THIRTY-TWO
They had put Arthur Silsby in a side room not because of his social status, but because they knew he was going to die; it afforded him some privacy, and it also saved everyone else from the agony of being reminded a hundred times a day of his doom. I had a spare hour before my first afternoon visit and I popped into Mayday Hospital to see him, partly because he was a long-standing patient of the practice, partly because I was very intrigued as to why he had done something so out of character. I could not bring myself to believe Masson’s theory that he knew something about the recent killings, but I could not conceive of what his motive had been.
It wasn’t yet visiting hours, but that was not a problem both because of his fate and because of who I was. Having checked in with the sister in charge for the sake of politeness, I made my way to his room. I knocked gently but received no answer; looking through the square window in the door, I could see that he was asleep, so I quietly went in and stood at the end of the bed. He had a dextrose-saline drip feeding a Venflon in his left elbow and he was attached to a heart monitor that did its annoying beeping thing in the background. He didn’t look well; not well at all; was there already a hint of jaundice, I wondered? As usual with me, having got there, I didn’t know what to do; I thought about waking him, then thought perhaps it would be best just to let him sleep a while, so sank quietly into one of those over-padded, high-backed chairs that are only found in NHS institutions.
My excuse is that it was warm and I wasn’t used to sitting down in the middle of the day; had I kept on the go I know that I wouldn’t have fallen asleep, but this was not to be. Even in one of the most diabolical items of furniture that mankind has ever devised, my eyes closed and my hold on consciousness relaxed. Doubtless the intrusive yet curiously mesmeric beep of the monitor contributed; doubtless, too, the airlessness of the room played its part.
After a period of uncertain length, I came back from my light, dreamless sleep without obvious or abrupt transition; I opened my eyes and looked directly at Mr Silsby’s. He seemed to be perfectly vigilant as his head lay on the pillow; in his eyes I saw what seemed to be awareness. We stared at each other for a moment that stretched into several bleeps of the medical machine to which he was attached; for myself, I was somewhat groggy, yet he seemed to be at once alert, even as he was inert.
He said then, and this quite succinctly, ‘It is so good of you to come.’
At something of a loss, both because I was still slightly befuddled with sleep and because he spoke in an oddly affectionate tone, I said with some uncertainty, ‘It’s the least I could do.’
He nodded slightly, his head not rising from the pillow. ‘I am so sorry, son.’
Which caught me slightly by surprise; he had been a regular although not frequent visitor to my work premises, and through all those years we had hardly got to know one another, except in a purely professional, detached kind of way, so that we had never until that moment got beyond the polite formalities. Certainly we had never reached the point of using forenames, let alone vernacular terms like that one.
‘Are you?’ I enquired pusillanimously.
‘I taught you differently from this.’
I twigged. Arthur Silsby had had a son, an only child, who had been killed in the Korean War. I can only imagine how horrible that must have been for the Silsbys to experience, but neither of them had ever done any more than mention it in a purely informative, matter-of-fact way. They were, indeed, a stoical couple. ‘Mr Silsby?’ I said tentatively, hoping to disabuse him of his delusion.

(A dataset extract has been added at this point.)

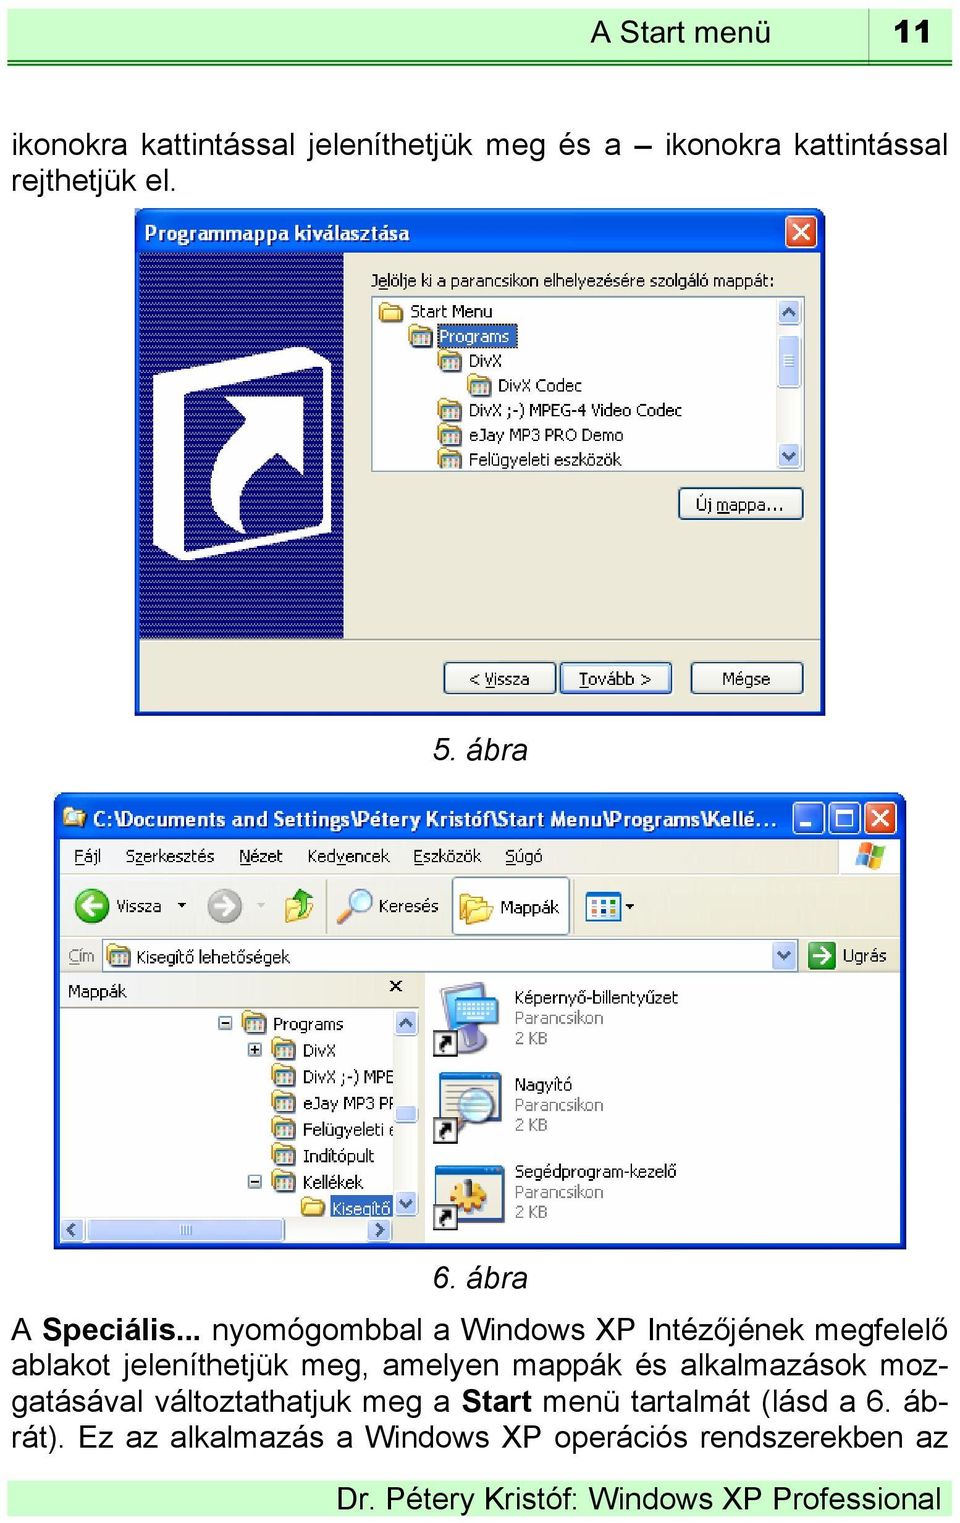 .. nyomógombbal a Windows XP Intézőjének megfelelő ablakot jeleníthetjük meg, amelyen

It still seemed that he was looking directly at me, and doing so with perfect lucidity, although clearly he was seeing something else. ‘I should have stamped it out . . .’
‘Mr Silsby,’ I repeated.
‘I couldn’t believe it, you see . . .’ I began again to shake him from his delusion, then stopped, suddenly aware of what he had been saying. He shook his head and frowned before repeating the judgement. ‘Absolutely disgusting . . .’
‘What is?’
Unfortunately he was in transmission-only mode, with no incoming messages being processed. ‘I’ve let you down, and I’ve let your mother down.’
‘How?’
‘They denied it, you see, and I was so shocked that it could be going on in my school, I chose to believe them. I was a fool.’
I leaned forward in the chair to be close to him, fairly sure that he would not suddenly see me for who I really was. ‘Are you talking about Yvette Mangon and Marlene Jeffries?’
‘Disgusting behaviour . . .’
‘Lesbianism? Is that what you’re talking about?’
‘And then that snake came to see me. How did he find out? He wouldn’t tell me. He just told me that unless I made him my deputy, he was going to go to the press and tell them that I had condoned it. He wouldn’t listen. What could I do, son?’
‘Who was the snake, Mr Silsby? Was it Gillman?’
‘There was nothing else I could do. I had no other way out.’
A thought occurred to me. ‘Did you kill Gillman?’ I asked this urgently, my mind running through possibilities. Why was he muttering about how shocking the behaviour of two lesbians had been, if he had killed Gillman? Was it because he thought murder was OK? In any case, I didn’t get a direct answer. In fact, I got no more from him; he closed his eyes and after a minute or two, I realized that he was silently crying.